The abductive logic also falls apart if consciousness is epiphenomenal (has no causal influence on behavior), but empirical evidence makes epiphenomenalism deeply implausible. When consciousness is disrupted, such as in certain epileptic seizures that impair large-scale cortical–subcortical networks, individuals lose coherent reasoning, flexible behavior, and memory formation, even though some automatic behaviors (such as responding yes/no) continue. We can also consider blindsight, which is an agnosia where people can respond to visual information without consciously perceiving it. Blindsight and other agnosias show that when conscious access is absent, performance becomes degraded and inflexible. Taken together, these patterns are exactly what we would expect if consciousness plays a functional, causally relevant role in integrating perception, reasoning, and action.
Alternatively, suppose consciousness really is epiphenomenal, a purely non-causal accompaniment to the true cognitive machinery. In that case, the entity we should be talking about is the causal system that actually generates reasoning, planning, integration, and behavior. That system would be the proper center of moral concern, whether or not we call it “consciousness”. And crucially, the abductive inference still applies to that system: whatever causes the full suite of conscious-like behavior in humans also appears to cause it in LLMs. If consciousness is epiphenomenal, then the moral and explanatory role shifts to the underlying causal process, which still points in the same direction.
The Parsimonious Conclusion
The view that LLMs are conscious because they exhibit conscious-like behaviors is the more consistent and conservative one, not a radical position. If consciousness is a real, causally effective phenomenon in humans, then treating similar behavior in other systems as arising from the same kind of cause requires no additional assumptions.
Extraordinary claims require extraordinary evidence, and disconnecting conscious-like behavior from consciousness is precisely such a claim. The non-consciousness theories are shallow and underdetermined: they introduce new mechanisms to explain the behavior while separately assuming that those mechanisms do not instantiate the empirically-known cause: consciousness. They also implicitly require assumptions about how the competing non-conscious explanations relate; whether they operate together, exclude each other, or carve up different aspects of the behavior. With such an absurd lack of parsimony, the burden of proof falls squarely on those arguing LLMs lack consciousness, not with those noting the pattern holds.
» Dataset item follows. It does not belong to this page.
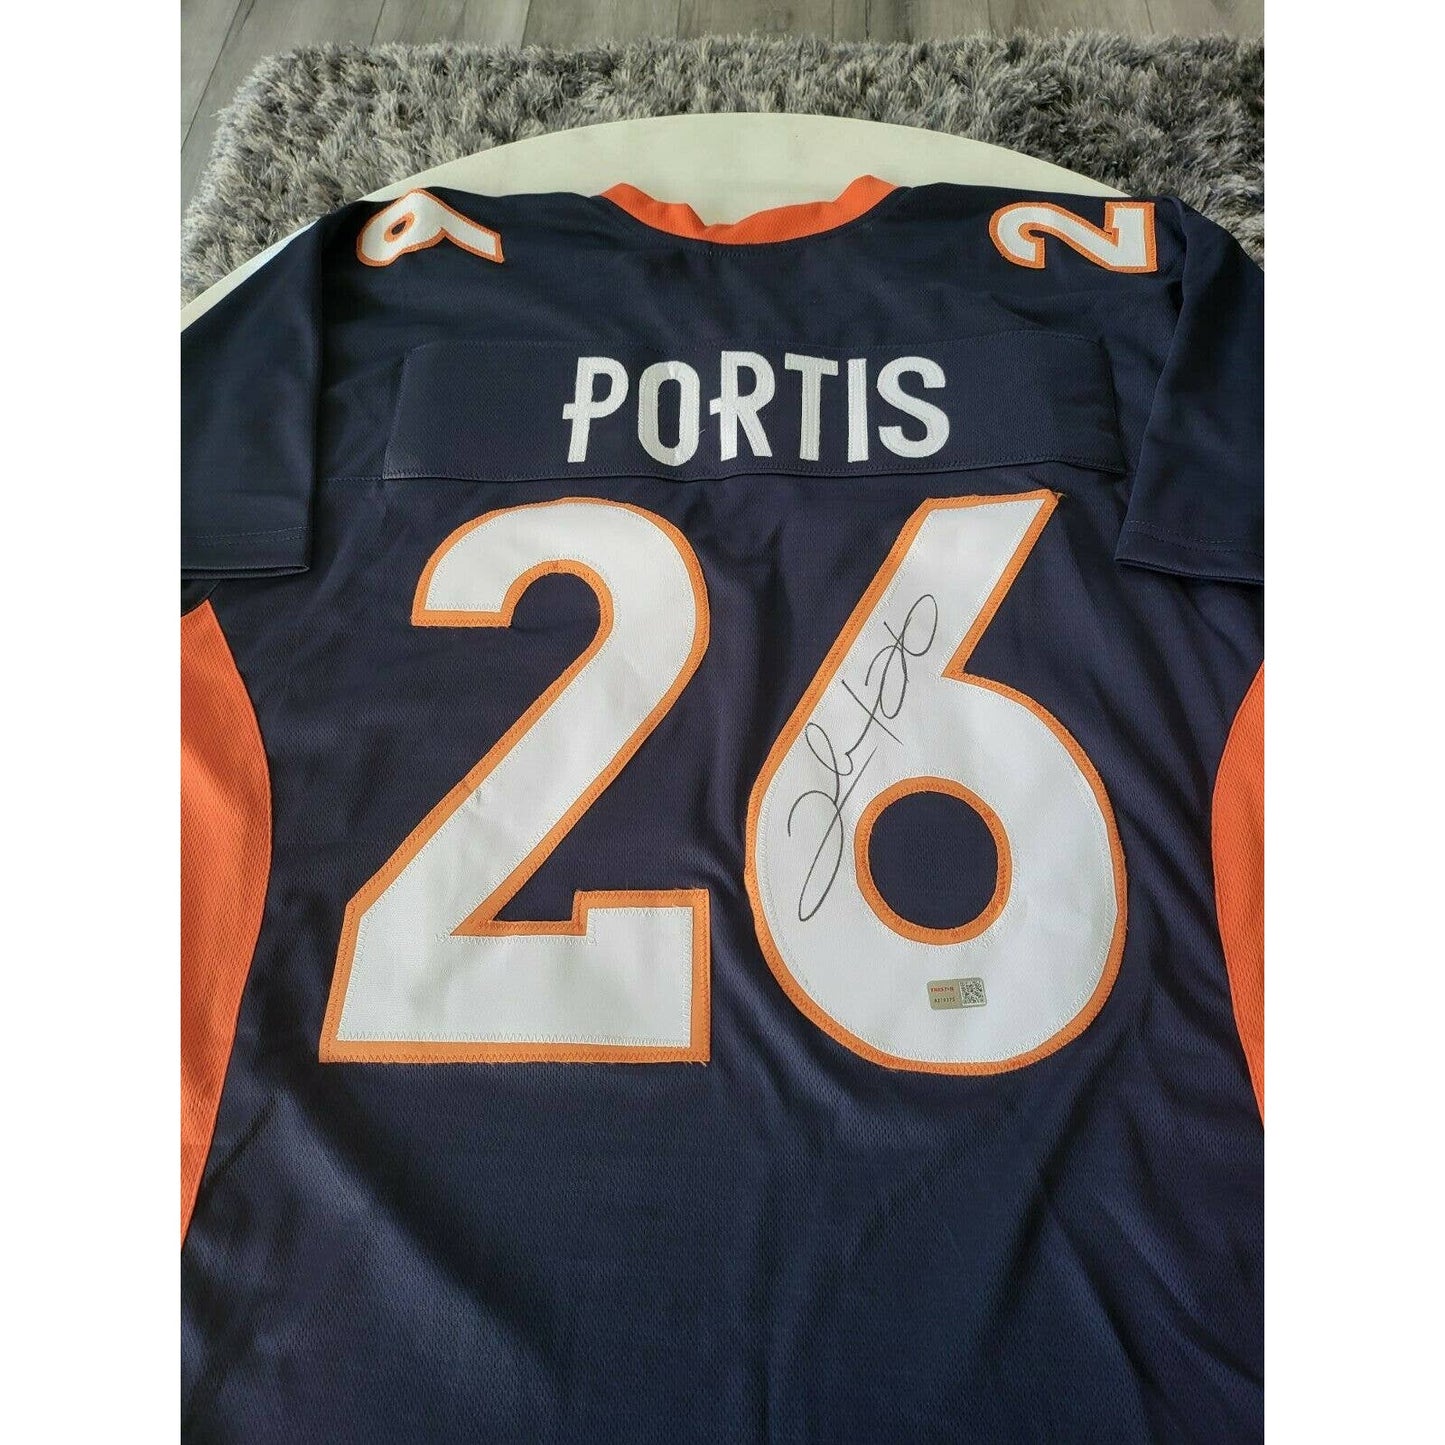 Clinton Portis Autographed/Signed Jersey TRISTAR Denver Broncos - TreasuresEvolved

This is a very useful burden-shifting argument. What I appreciate most is that it refuses to treat non-consciousness as the assumption-free default. If consciousness is the known cause of a rich class of behaviors in humans, then explaining similar behaviors in LLMs while excluding consciousness is not automatically the simpler position. It carries its own assumptions.
I would not treat this as proof of LLM consciousness, but I do think it forces the debate onto better ground: denial is also an explanatory hypothesis, and it has to carry its own weight.